▸ How to complete this task: Exclude pictures and give again exactly the lines of the listing, beginning with its first line and ending with the one that contains "Logo des Internationalen".

▸ Exercise data:
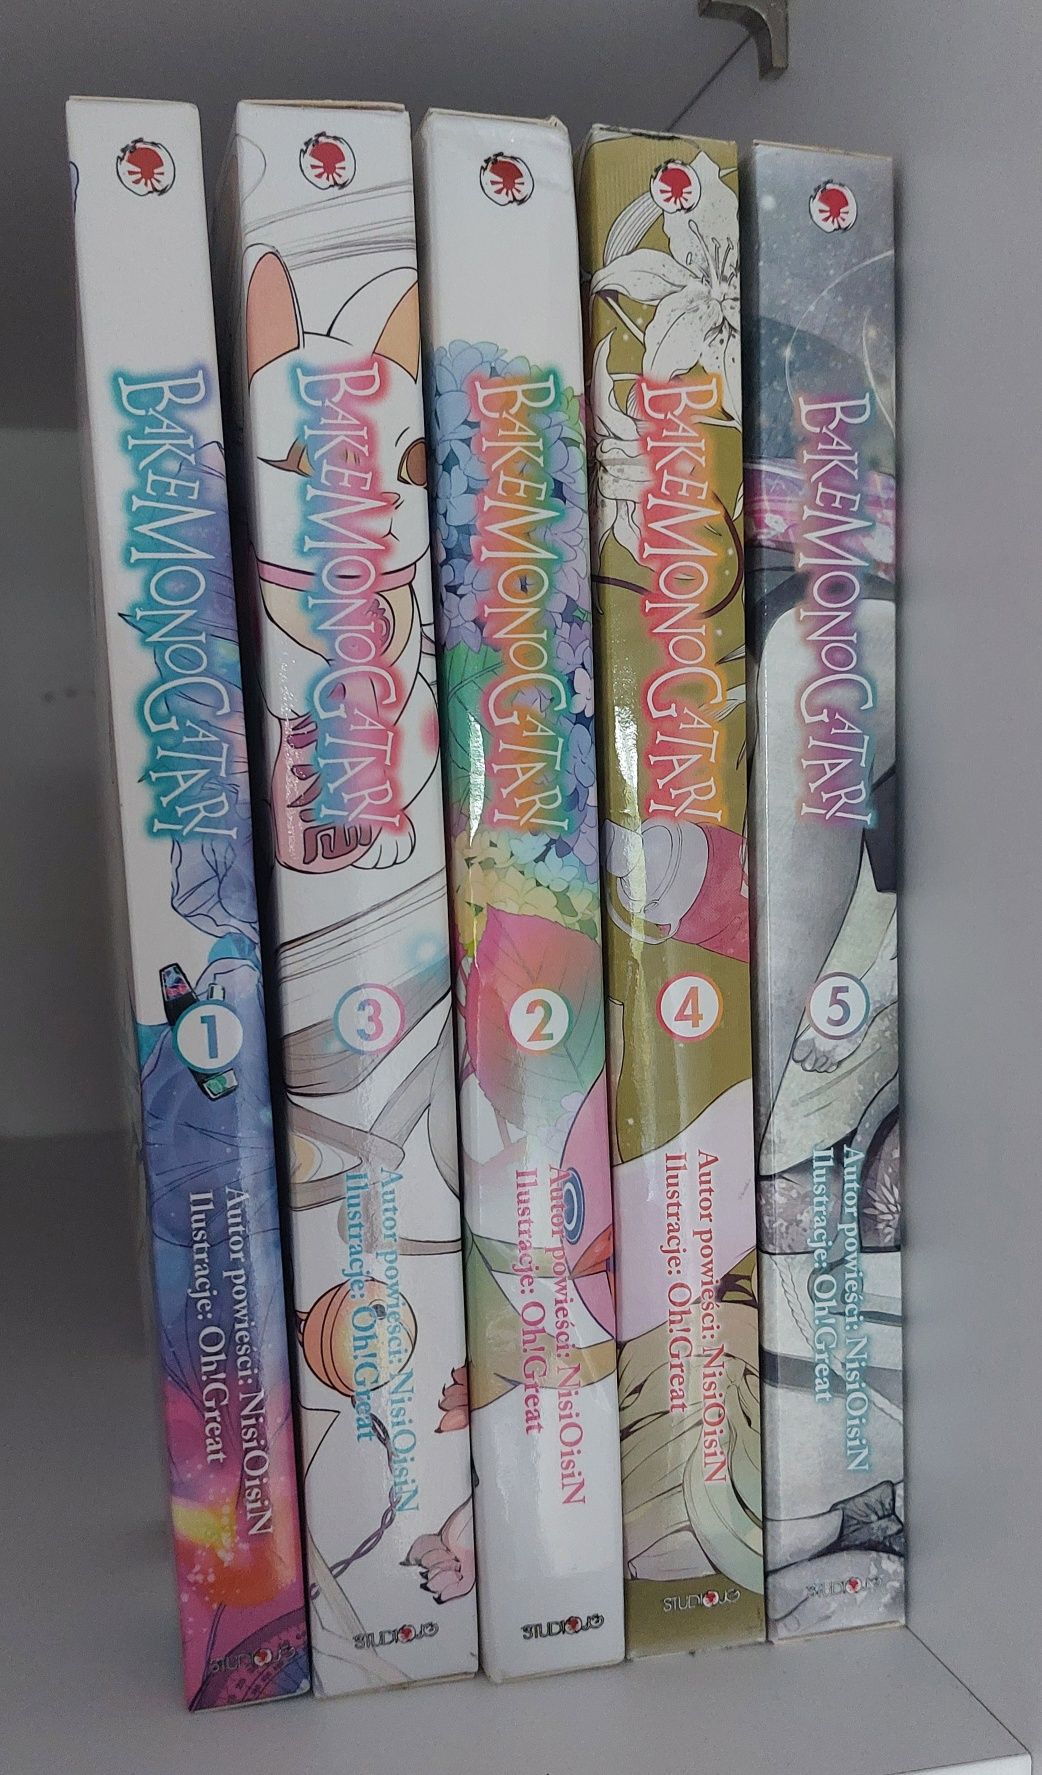 Bakemonogatari 1-5 edycja specjalna
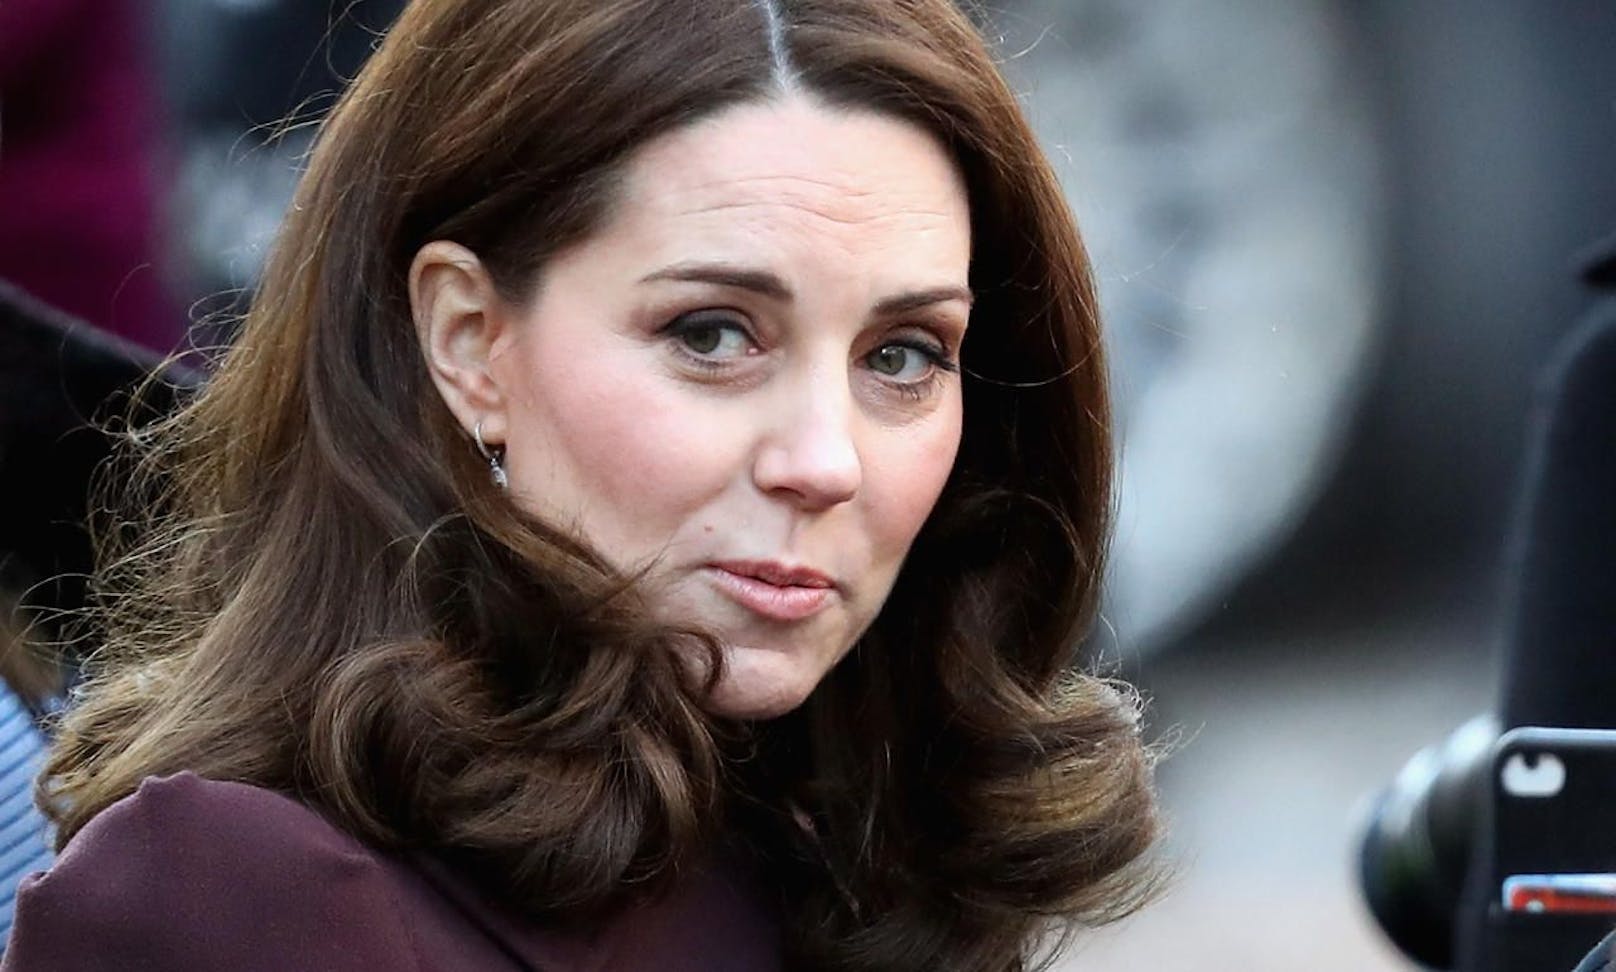 Herzogin Kate setzt bei ihren Lippen stets auf einen natürlichen Rosaton.
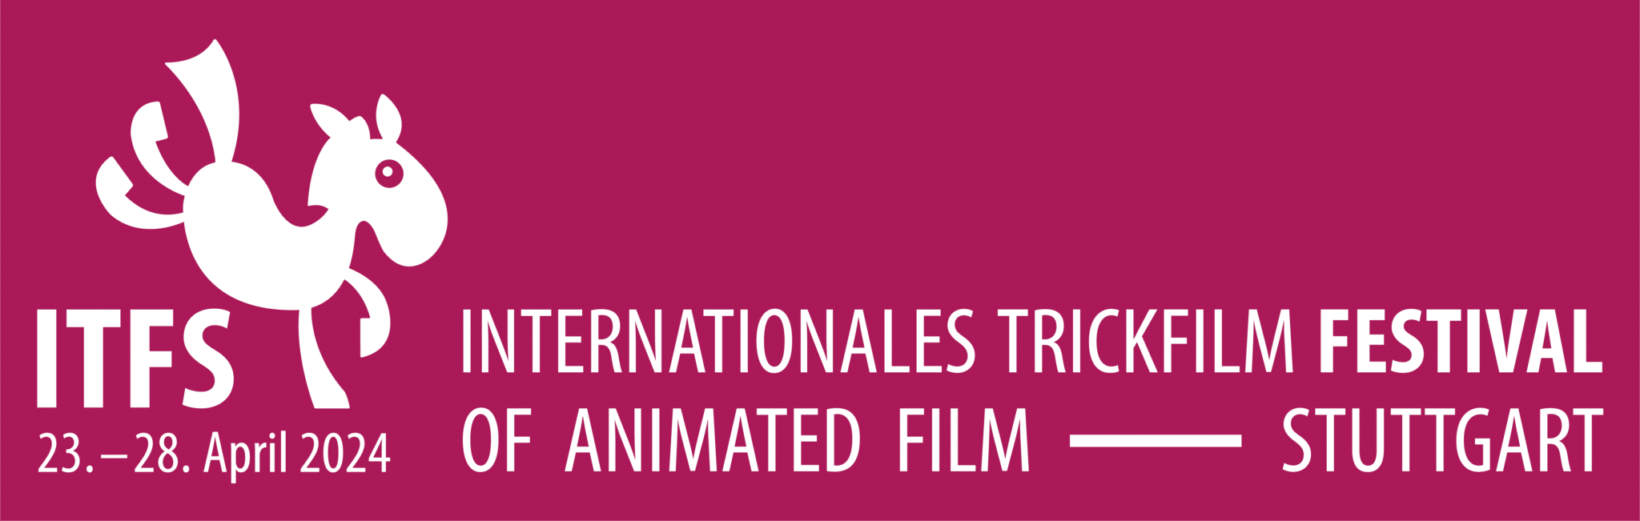 Logo des Internationalen Trickfilmfestivals mit animiertem springenden Pferd
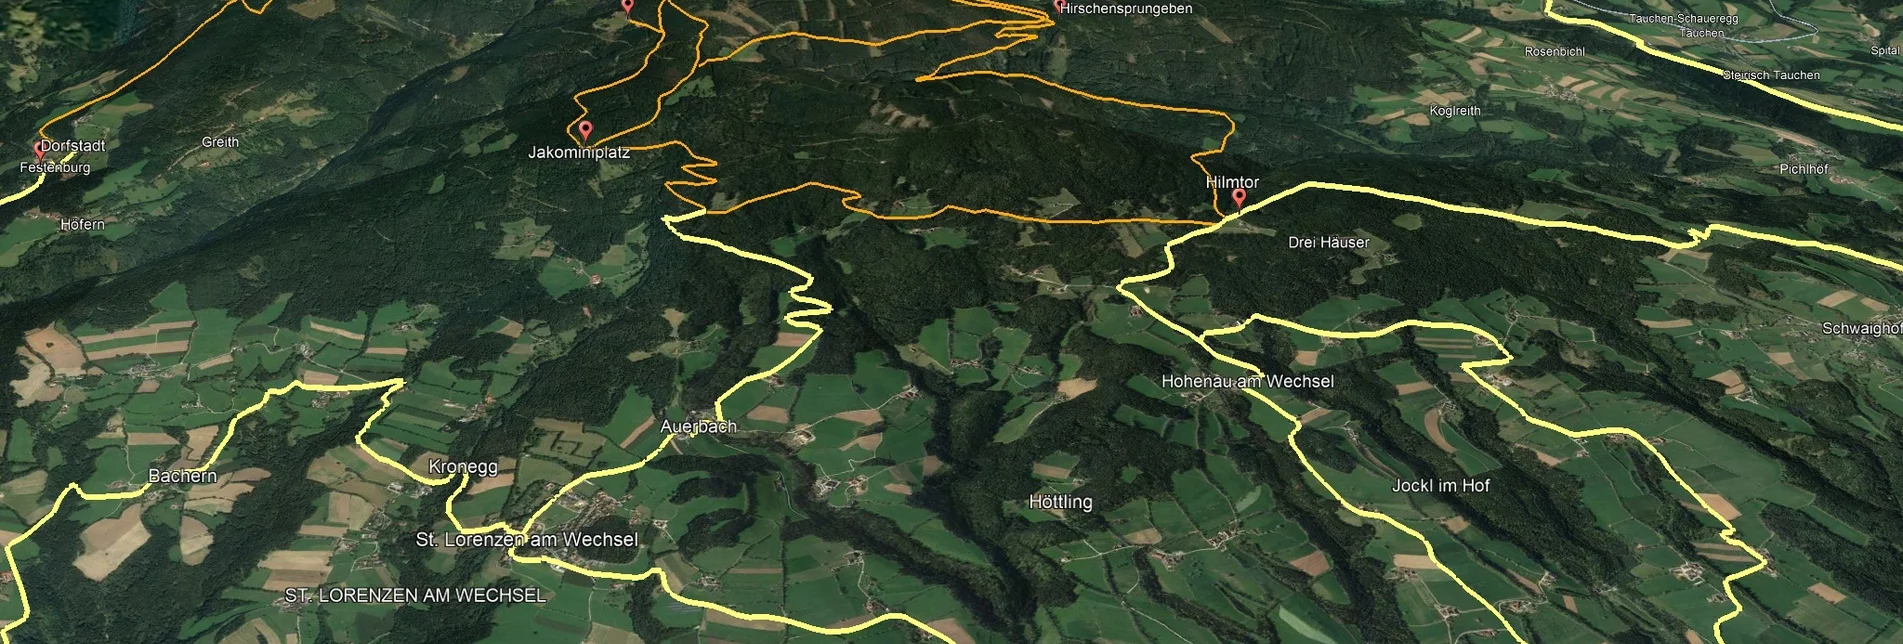 Mountain Biking PREVIEW Styrian Wexl Trails - feeder road from Bruck an der Lafnitz to St. Lorenzen am Wechsel (connection) - Touren-Impression #1 | © Verein Tourismusentwicklung Steirischer Wechsel

▸ Result:
 Bakemonogatari 1-5 edycja specjalna
 Herzogin Kate setzt bei ihren Lippen stets auf einen natürlichen Rosaton.
 Logo des Internationalen Trickfilmfestivals mit animiertem springenden Pferd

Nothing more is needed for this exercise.